I can't believe I found this link! I have known a version of this song since I was little (I'm 56). It's an old family favorite, and I've NEVER known anyone else who'd heard any part of it.

It's the only song I ever knew my Grandfather John Paulk to sing. He'd sing it when he held a couple of us grandchildren on his knees (which made us giggle).

Grandpa Paulk was born in 1890 in a dugout in "Indian Territory"(later Oklahoma) and grew up there and in Arkansas in a dirt-poor family of eight children who lived past infancy. My grandfather had less than a year of formal schooling (in a "brush arbor") and owned no shoes until he was an adult and bought them himself. He lived, worked, and raised a family in Coffeyville, Kansas, and was proud to have paid cash for every car he ever owned. In the 1950s he drove Cadillacs; in the 1960s and 70s, he switched to Mercedes Benzes, because "they're the best car you can buy."

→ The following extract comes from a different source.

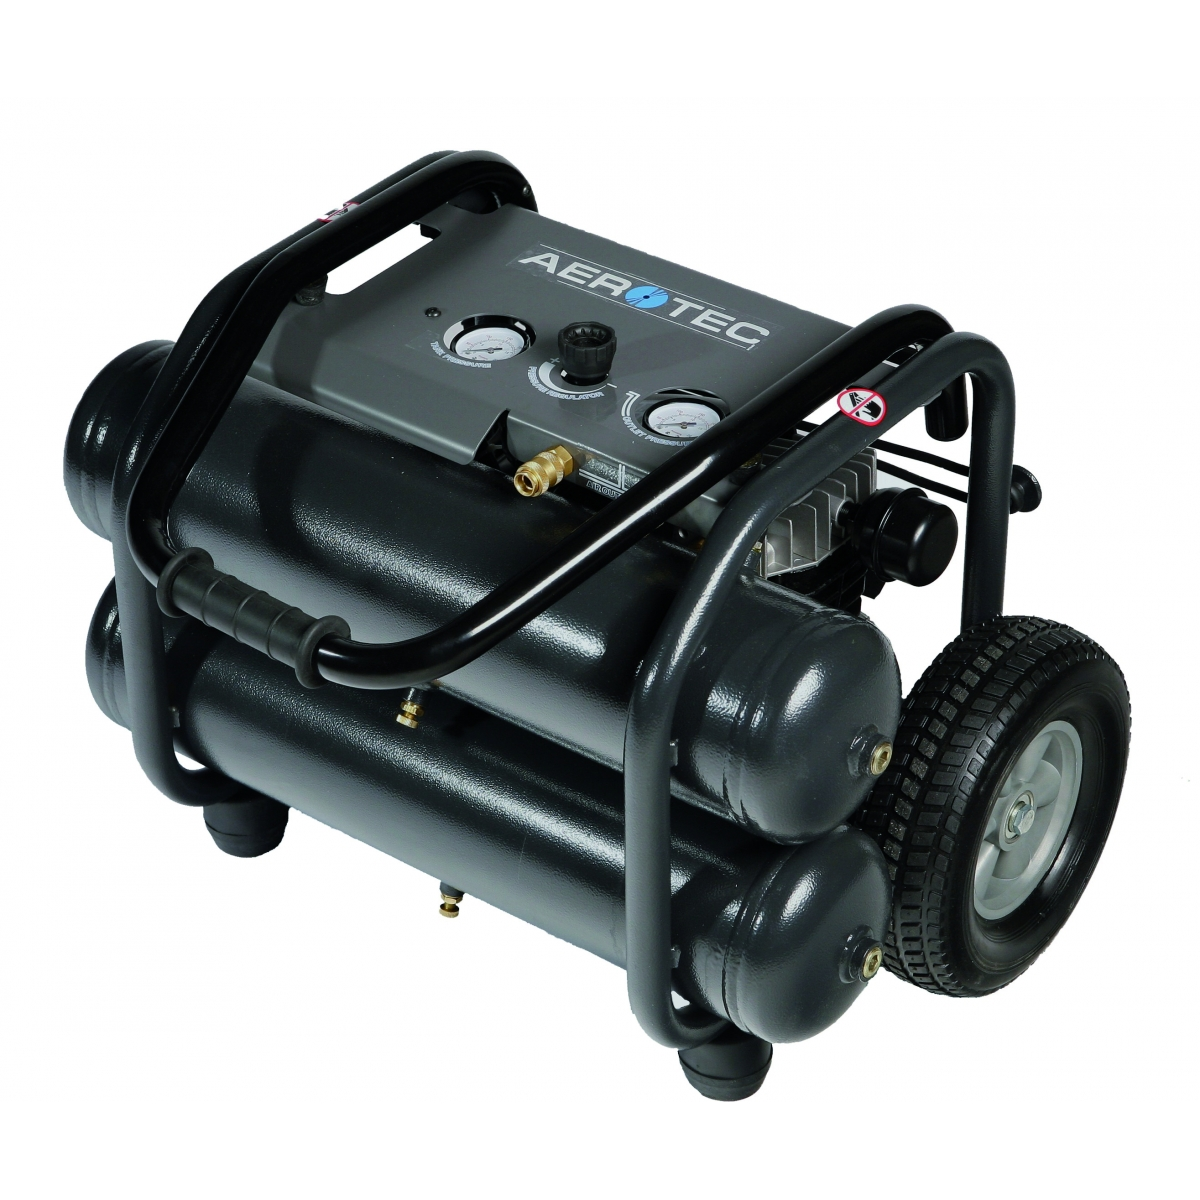 aerotec druckluft kompressor kolbenkompressor fahrbar montage 230 v. Black Bedroom Furniture Sets. Home Design Ideas

I am quite sure Grandpa said he learned this song from his father, Selden Paulk, after Selden returned home from the Civil War (Selden joined the Union Army near the end of the war at about age 16 and received an Army pension until his death in 1940.) This is how my grandfather, aunts and cousins all sang it:

Cross-eyed baby on each knee
And a woman with a plaster on her nose.
I tell you, boys, it ain't no fun
When you have to wear second-hand clothes.

Stay away from the girls, I say,
And give them plenty of room.
For when you're wed, they'll beat you till you're dead
With the bald-headed end of the broom.

If I can figure out how to post the tune, I will. Can anyone tell me how to listen to the tunes on this site?